The remainder of the paper proceeds as follows.
Section 2 introduces the related works and highlights how the suggested work differs from each of them.
Section 3 presents the overview of the hardware and software used for the system.
Section 4 explains how the robot system processes the sensor data to perceive the environment.
Section 5 presents how the system finds the optimal motion plan that rapidly assembles the components while avoiding a collision.
Section 6 describes the simulation setup we used to test the system with different hardware configurations.
Section 7 shows the experimental results acquired from the laboratory experiment and public demonstration. Finally, we conclude with a discussion of potential future directions arising from this work.
2. Related Work
In this work, we present an integrated robotic assembly system that can perceive the environment, plan for the assembly sequence, feasible grasps and manipulator motion and control the hardware in real time. The system is deployed and tested for reliability and performance beyond controlled laboratory environment. As such a system requires multiple components to work together reliably, previous works mostly focus on individual components rather than an integrated system. In [
3], the authors provided a summary of recent robot manipulation research topics, which include robotic hand design, perception for manipulation, grasping, manipulation and approaches to utilize machine learning for manipulation, but most of the works presented are focused on individual components. For example, in [
4], the authors focused on assembly sequence and grasp planning for assembly tasks, and, in [
5,
6], the authors used deep learning based approach to learn grasp planning strategy from data acquired by repeated trials.

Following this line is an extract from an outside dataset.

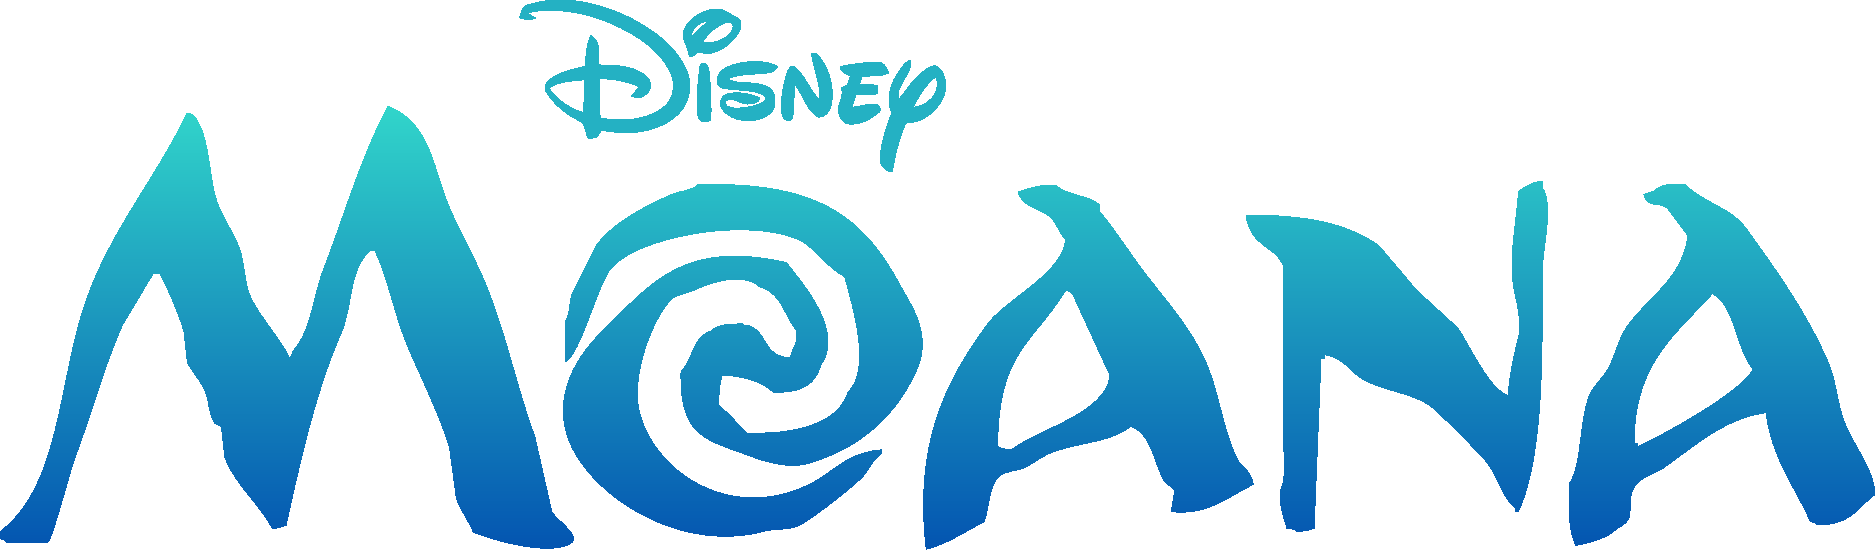 Disney Moana Logo Vector

There have been a few works that address an integrated system that can perceive, plan and control its manipulators for assembly tasks. In [
7], the authors presented an integrated system for autonomous robotic manipulation that integrates 3D perception, motion planning and real-time motion control. In [
8], the authors presented a robot system that has 2D stereo vision camera to detect target objects and uses two 7 DOF arms for a simple assembly task. In [
9], the authors presented an integrated robotic system for autonomous bin picking task, which integrates the 3D perception, grasp and arm motion planning and motion control of the hardware. The system has been validated in public competition, the Amazon Robotics Challenge, and has shown exceptional performance in terms of reliability, accuracy and speed.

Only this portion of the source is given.